Stonebear picked up the piton, examining it. “How long did it take you…?”

“Five minutes, perhaps? I could make a bunch with idle time, if left to my devices.” Imagine what mischief I could get up to with more free time.

He weighed it in his hand, then measured it carefully against his thumb. “We have to reclaim them anyway, or the cursed álfar might find them.”

“We could just saw them off, so they’re flush with the bark.”

He paused, becoming a wrinkled statue. “Did you make a living whittling pitons?”

“Anything to survive, in the upper reaches… but where’s Birger?”

Stonebear gave me back the piton, adding opium to his pipe in a hurry. “I sent that fífl ahead, to prepare the next leg.”

“By himself?”

“Can’t you count? By himself.”

“Would be a pity to leave that sour snake all alone. I’ll go up and assist him.”

“Stay here. I need you well rested. Birger will be fine—he likes hard work.”

“I’m rested enough as it is! I’ll put in as many pitons as you want if that dumb ox Njord is the one to pull them out.”

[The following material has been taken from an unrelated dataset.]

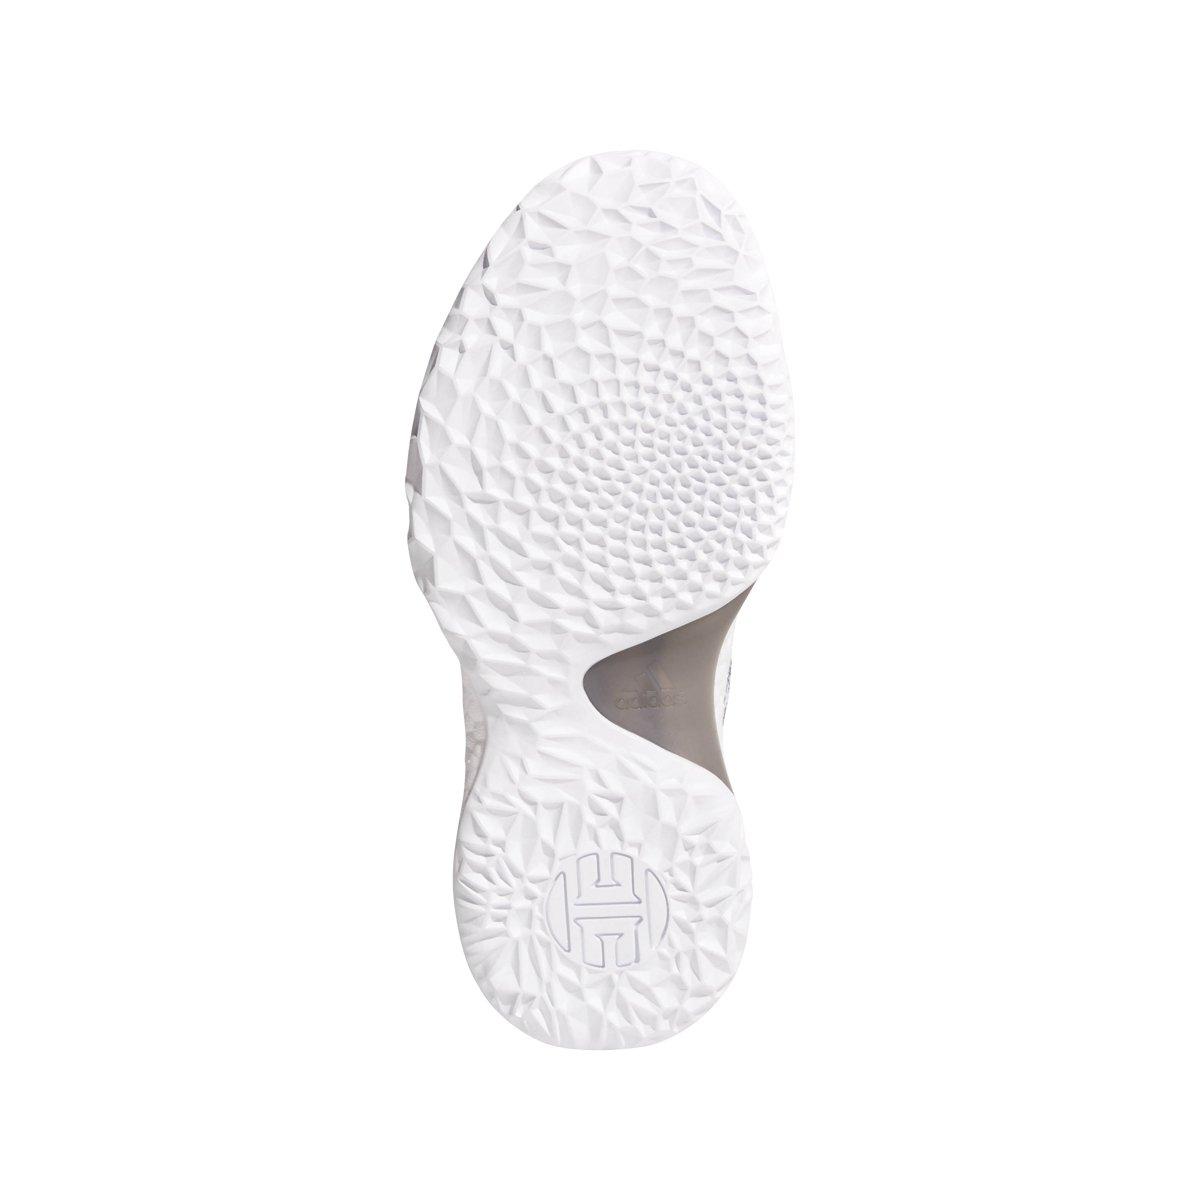 daf3600d172 adidas Harden Vol. 1 LS Primeknit Shoe Junior s Basketball 3.5 White-Core  Black-Grey  Amazon.co.uk  Shoes   Bags

“Where do you get all this energy…?”

“Where did you lose all yours? The sun is shining and so is Crow. I’m not an old man yet.”

Stone bear glared at me… until his match burnt his fingers. “Fie!”

“That’s twice, now. You should stop doing that.”

“Go and help Birger! Get out of my beard for a while.”

“Will do! Thanks, Stonebear!”

Chipper as ever, I turned from a grumbling Stonebear… and thought about what to do with Birger.